■ INFORMATION SUPPLIED:
══════════════════════════════
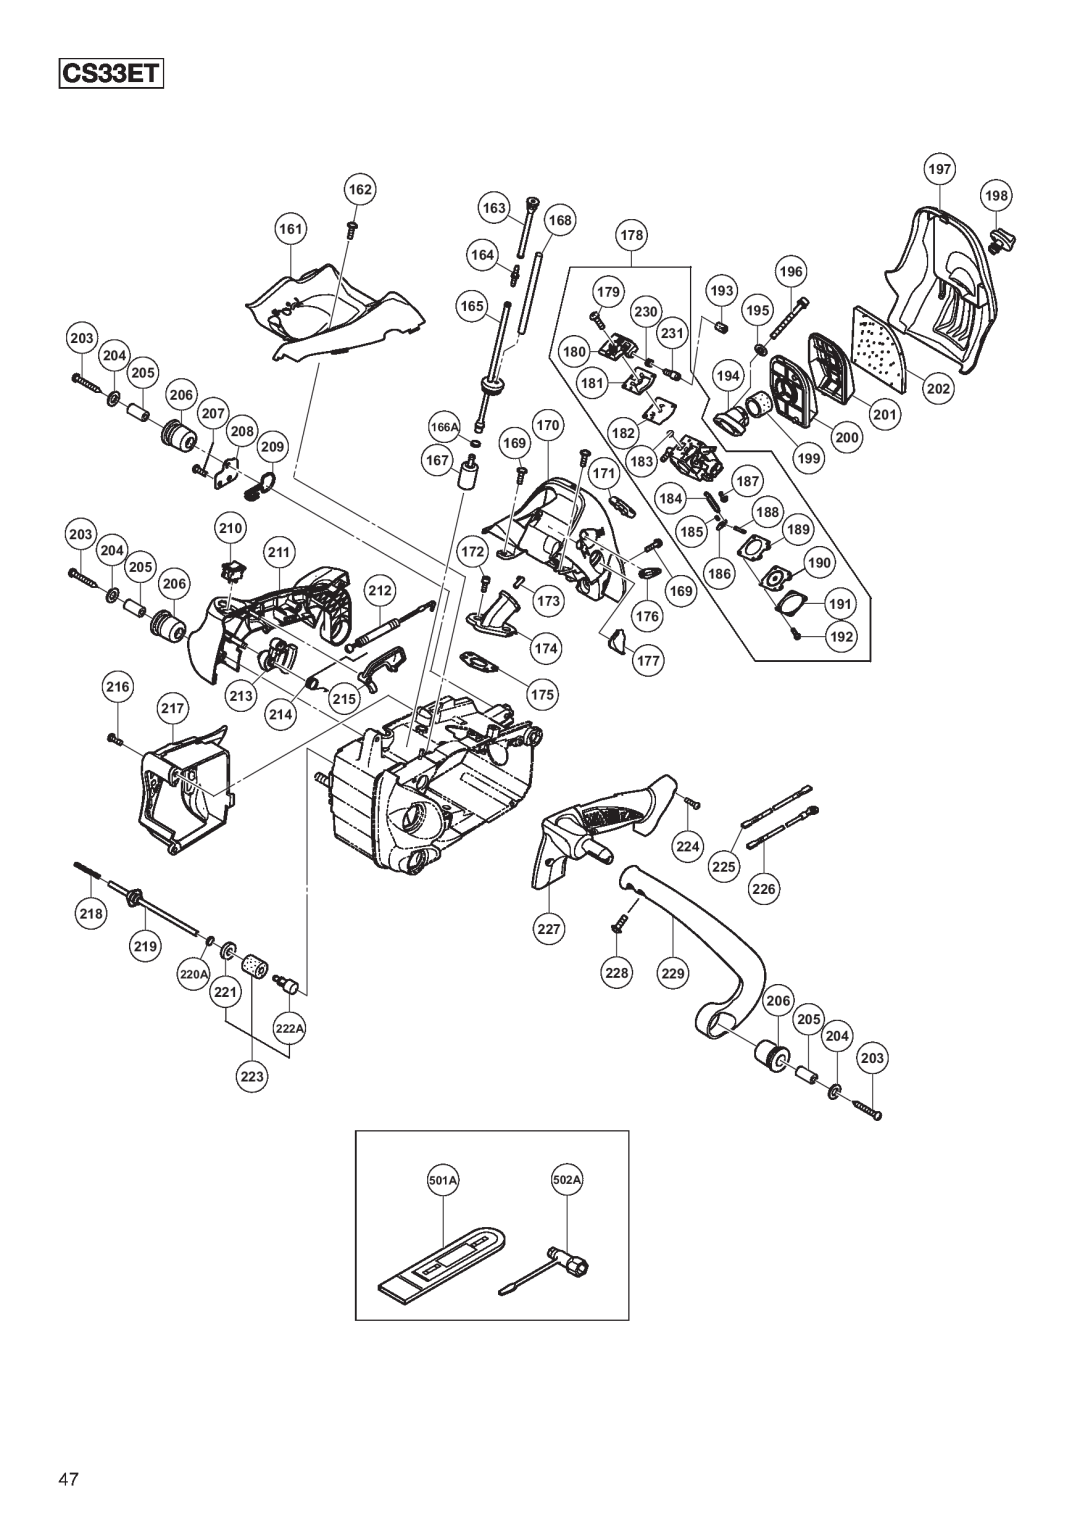 Hitachi Koki USA CS33EA manual #3%4, Rev.4, 䎃CS33ET3/3, 30% ETU0042 
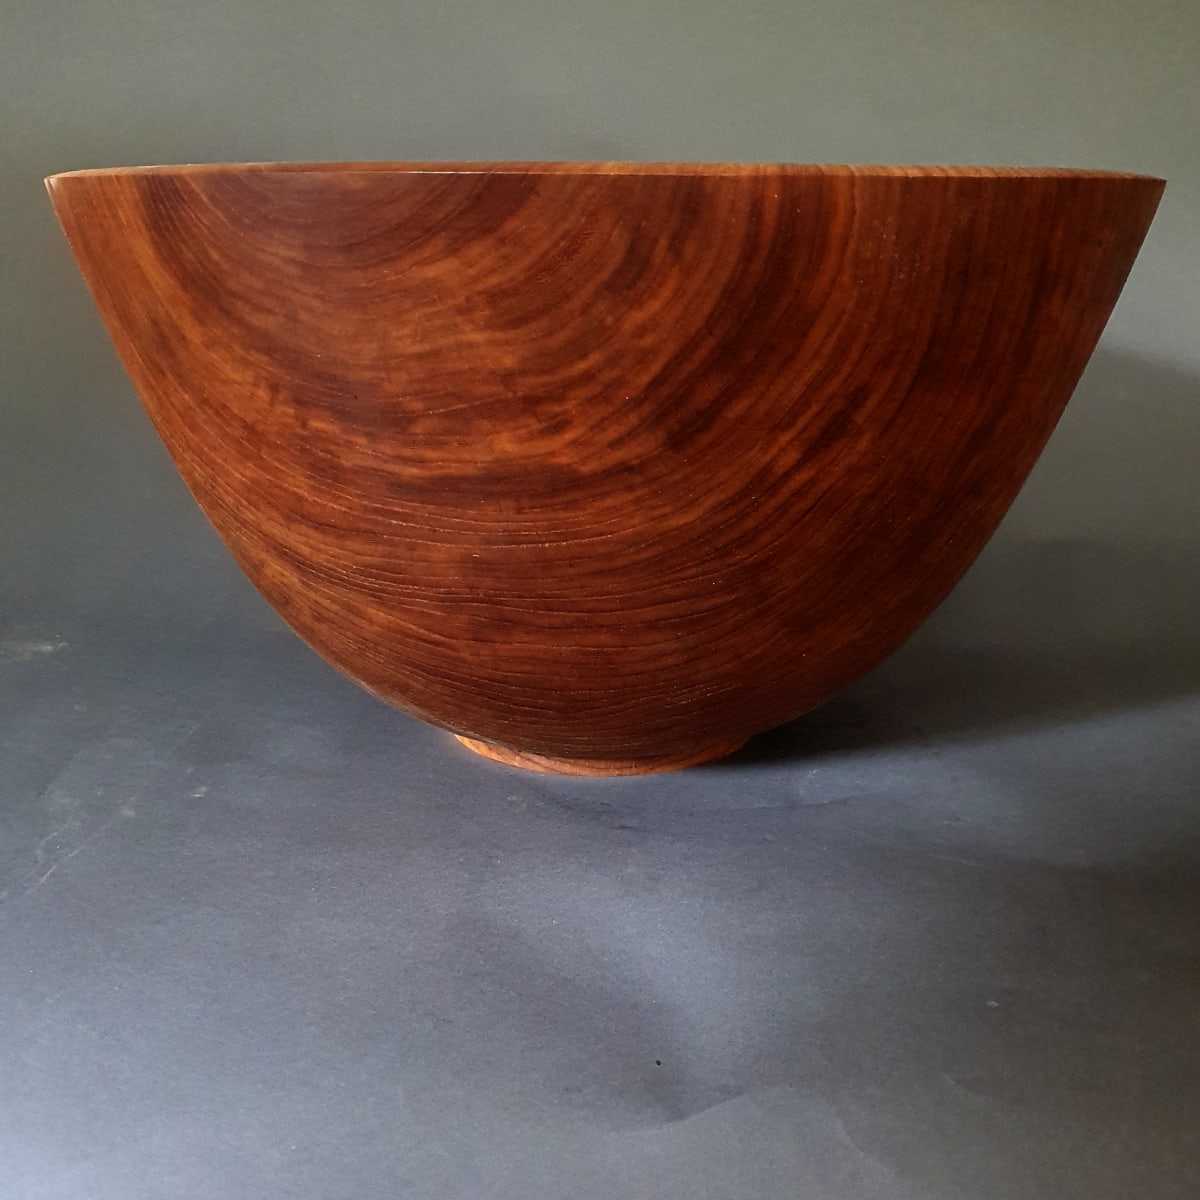 elm bowl 2021_3 by Simon King  Image: Large elm bowl
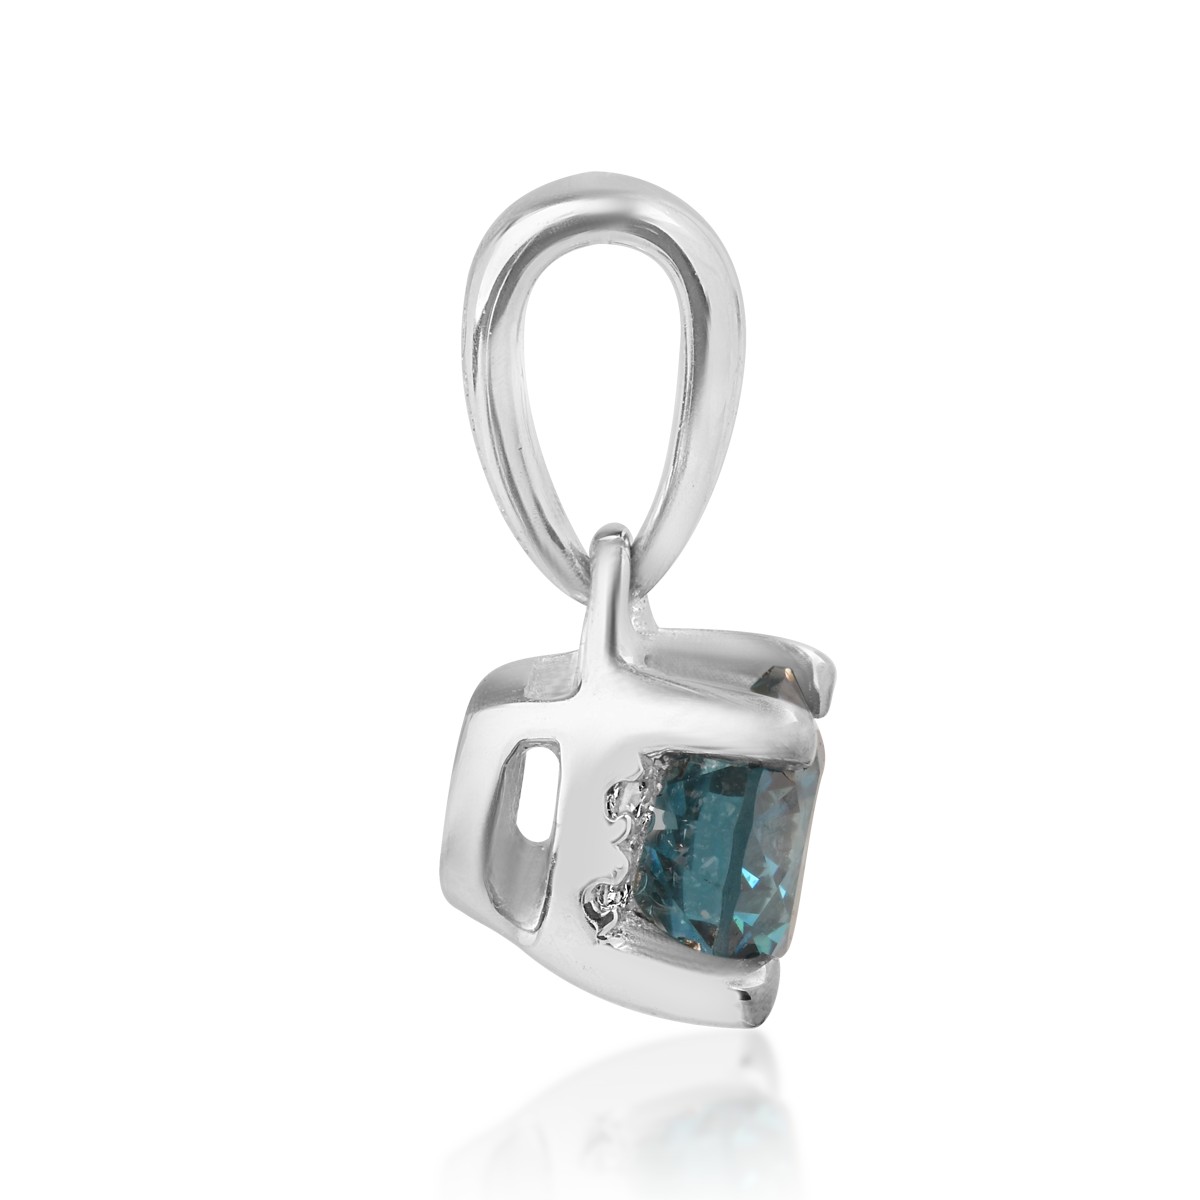 18K white gold pendant with 0.32ct blue diamond and 0.02ct diamonds
══════════════════════════════
■ WHAT NEEDS TO BE DONE: Return the complete material exactly as given, excluding images.

■ COMPLETED TASK:
 Hitachi Koki USA CS33EA manual #3%4, Rev.4, 䎃CS33ET3/3, 30% ETU0042 
 elm bowl 2021_3 by Simon King  Image: Large elm bowl
 18K white gold pendant with 0.32ct blue diamond and 0.02ct diamonds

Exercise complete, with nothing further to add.